Gatto morto, che... buffo, che eri diventato. non dissimile dalle foglie morte e impantanate poco più in là. Era giusto la mia storia di passeggiatore sulla statale (...) che mi permetteva di distinguerti ancora come un'entità a sé stante. La mia cultura che ti isolava ancora da quel tutto che è la natura. A parte - e questa è la cosa buffa - per le zampe, giusto la cartilagine e i polpastrelli, che ancora sbucavano, distinti, da una massa informe. Non proprio repellente, più che altro strano. Quel minimo di disturbante che ancora percepivo derivava solo dalla mia consapevolezza pregressa in merito al gatto morto che eri stato e che eri sempre meno. Eppure sono ancora qui a riferirmi a te come gatto morto. Un po' per comodità, e un po' per farti gli auguri. In ritardo, perché oramai di auguri non è che tu abbia bisogno (se mai un gatto davvero abbia mai bisogno di qualcosa da un essere umano). E allora semplicemente grazie, gatto morto, per avermi offerto una testimonianza e una connessione di come l'Uno confluisca nel Tutto. Più efficace di un guru, di un libro, di un corso sulla morte per corrispondenza.

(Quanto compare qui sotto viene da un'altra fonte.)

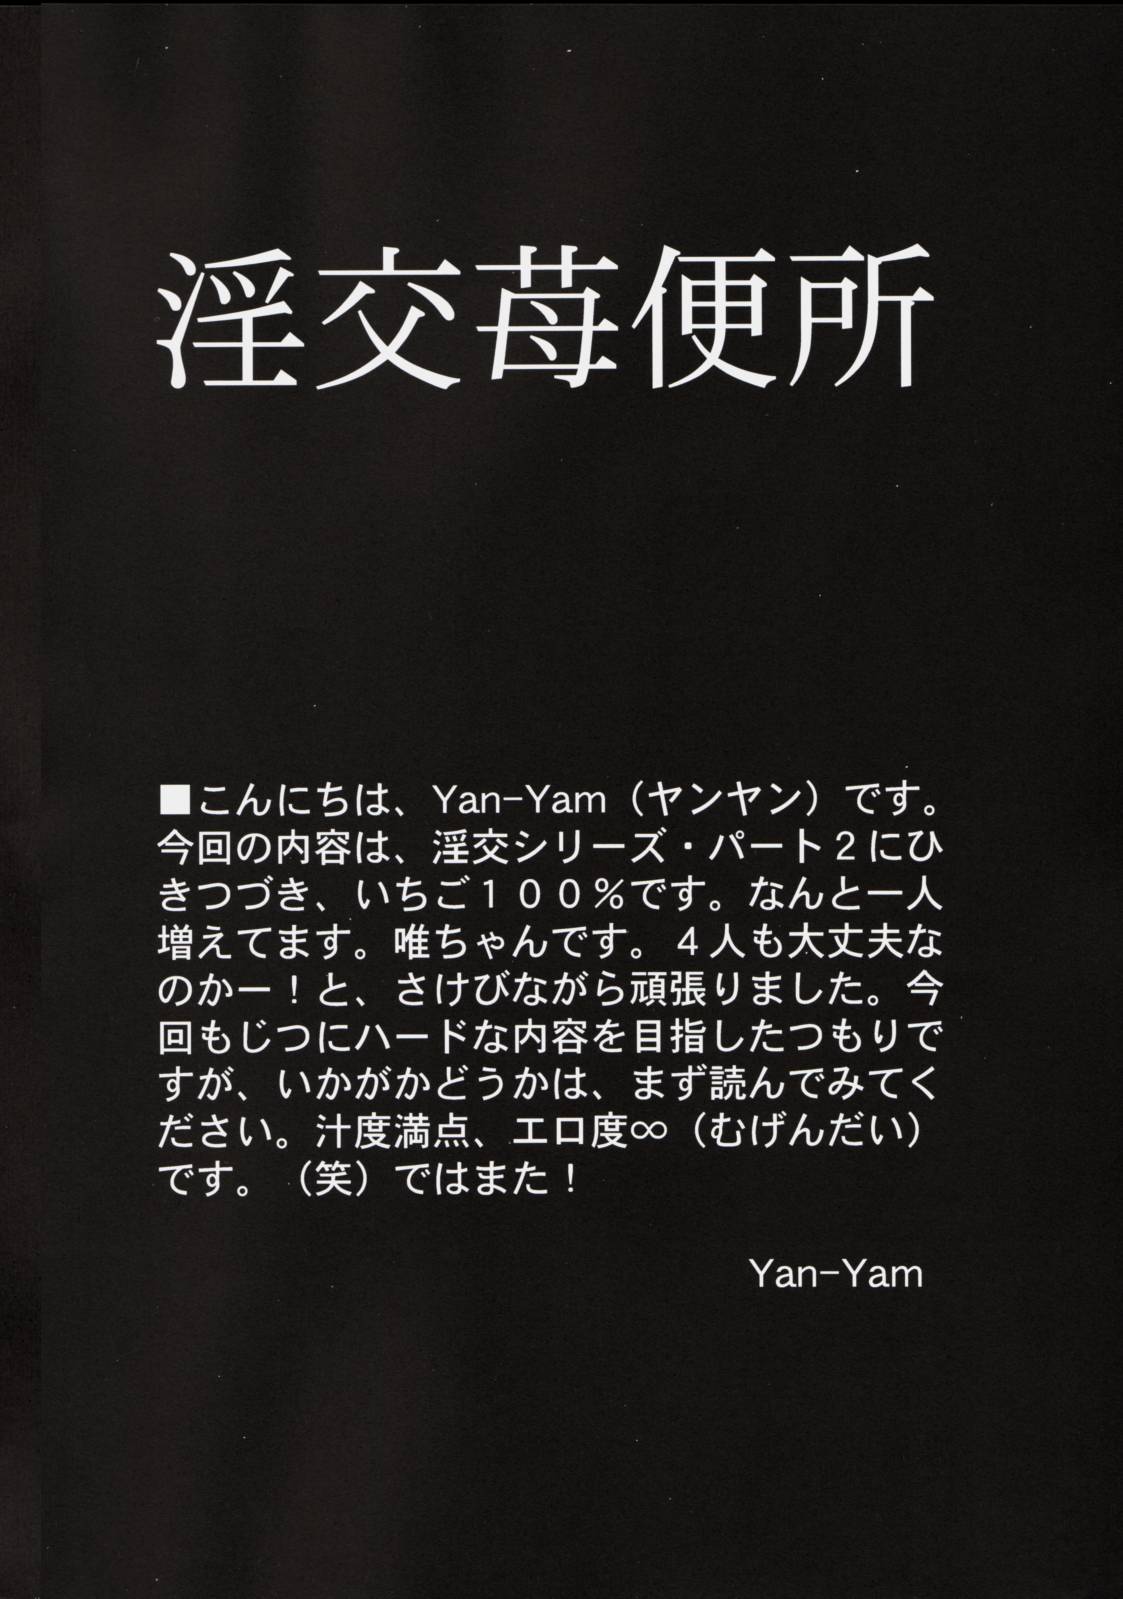 [Yan-Yam] 淫行苺便所

Il 2010 sarà un anno indimenticabile.
2 comments:
Insomma il gatto morto batte Daniele Bossari feauturing Franco Battiato 1-0.
Son soddisfazioni, per i gatti.
s
2 di notte. Passo sul tuo blog, quasi per caso, e mi imbatto in questo post, in queste parole, in questa esistenziale riflessione che scintilla di pura umiltà. Cosi finisce che l'innocente immobilità del gatto morto mi commuova quasi come si trattasse di cosa viva. C'è nulla da fare. La morte da te descritta parla la voce della Vita. E lo fa con forza, per chi ha la sensibilità di saperla ascoltare.
Grazie per il bel post, Andrea. Terrò in mente il prezioso insegnamento del gatto, come un buon proposito di inizio anno.
Per quanto mi riguarda il 2010 comincia da qui.